Small Tourism Businesses Are Once Again Asked To Trust A System That Keeps Moving The Goalposts
The parliamentary text places strong emphasis on the effect these failures have on small and medium-sized tourism businesses, which are usually the first to hear grand speeches about support and the last to see functioning systems.
The MPs write:
“The exclusion or delay of such a project is not merely a technical setback, but deprives small and medium-sized tourism businesses of a necessary tool for simplifying procedures, predictability, and fair supervision.”
That point matters. When digital infrastructure fails, the burden does not float harmlessly in the abstract. It lands on the businesses that must navigate bureaucracy, delays, inconsistent controls, and a state that still manages tourism policy as though paper folders were a long-term innovation.
The same parliamentary intervention also highlights serious concerns about the programme supporting diving and underwater tourism, in which significant investor interest was reportedly met not with efficiency but with a familiar Greek administrative approach marked by delays, amendments, deadline extensions, and budget reductions.
The question states:
“Delays in evaluation, the need for repeated amendments, deadline extensions, and reductions in the initial budget raise concerns about the possibility of timely completion of projects and full absorption of Recovery Fund resources.”
So the concern is not merely that things are moving slowly. The concern is that they may not be completed in time at all, which is a rather unfortunate flaw for projects financed by a mechanism built around deadlines, milestones, and measurable delivery rather than inspirational press releases.
The Recovery Fund Is Not Designed For Endless Administrative Improvisation
The MPs underline that the Recovery Fund operates under strict timelines, binding milestones, and specific targets, which makes delay more than a bureaucratic inconvenience.
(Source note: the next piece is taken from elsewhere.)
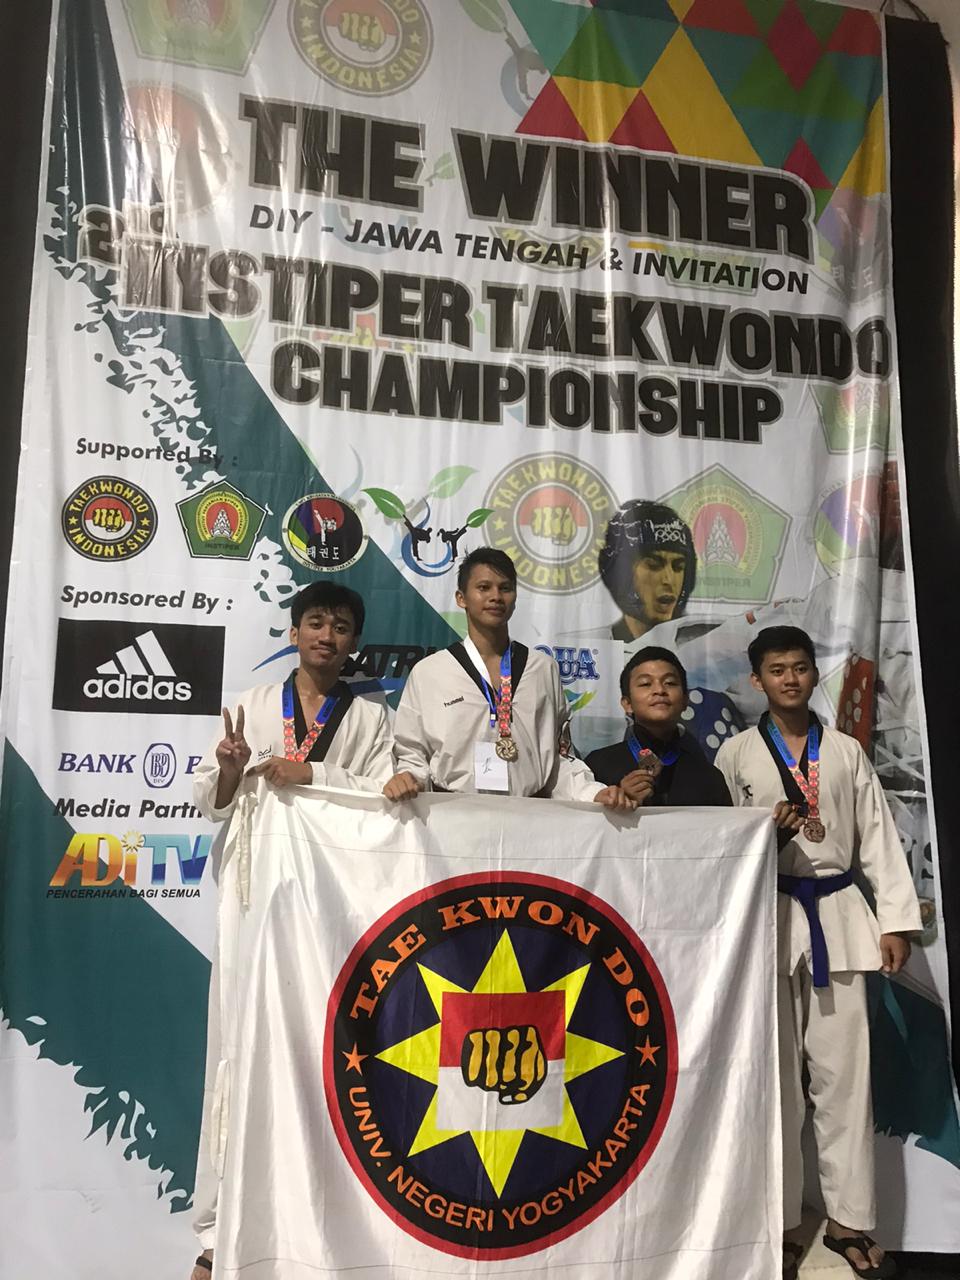 Foto 2nd Instiper Taekwondo Champhionship DIY Jawa Tengah 2020

As the parliamentary text warns:
“The Recovery Fund operates with strict timetables, binding milestones, and specific targets. The exclusion of projects, delays in implementation, or failure to achieve the planned indicators are not simply administrative malfunctions, but may lead to the loss of valuable resources for the country.”
This is the part where the discussion stops being technical and starts becoming political. Recovery Fund money is not a decorative European accessory. It is supposed to finance actual upgrades. When projects stall, shrink, or disappear, the damage is not limited to one ministry’s spreadsheet. It creates developmental gaps, harms investor confidence, and leaves businesses stranded after they have already planned around promised funding tools.
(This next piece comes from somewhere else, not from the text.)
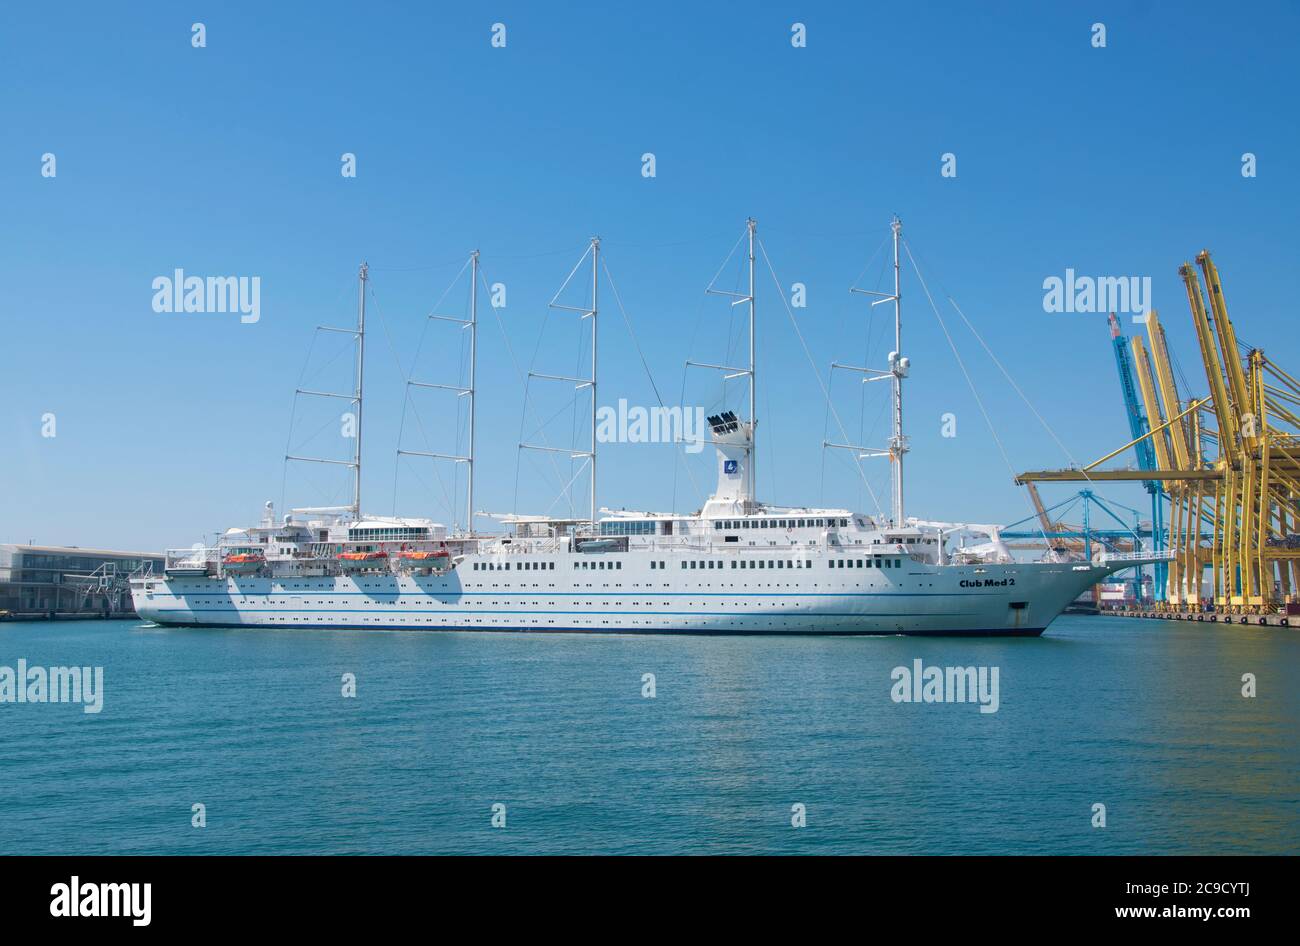 69/5000 Club Med 2 bateau de croisière manœuvrant au quai du port de Barcelone. Banque D'Images

The MPs make that point explicitly, warning that delays and removals do not amount only to administrative weakness but create uncertainty and financial strain for firms that are central to regional development.
They also include one of the sharpest lines in the entire intervention:
“We cannot talk about upgrading the tourism product, about transitioning to a more sustainable and higher-quality model, when the institutional and digital infrastructures themselves remain incomplete.”
Exactly. A ministry cannot keep lecturing the market about sustainability, quality, and modernisation while its own institutional and digital foundations remain unfinished. At some point, the slogan collapses under the weight of its own paperwork.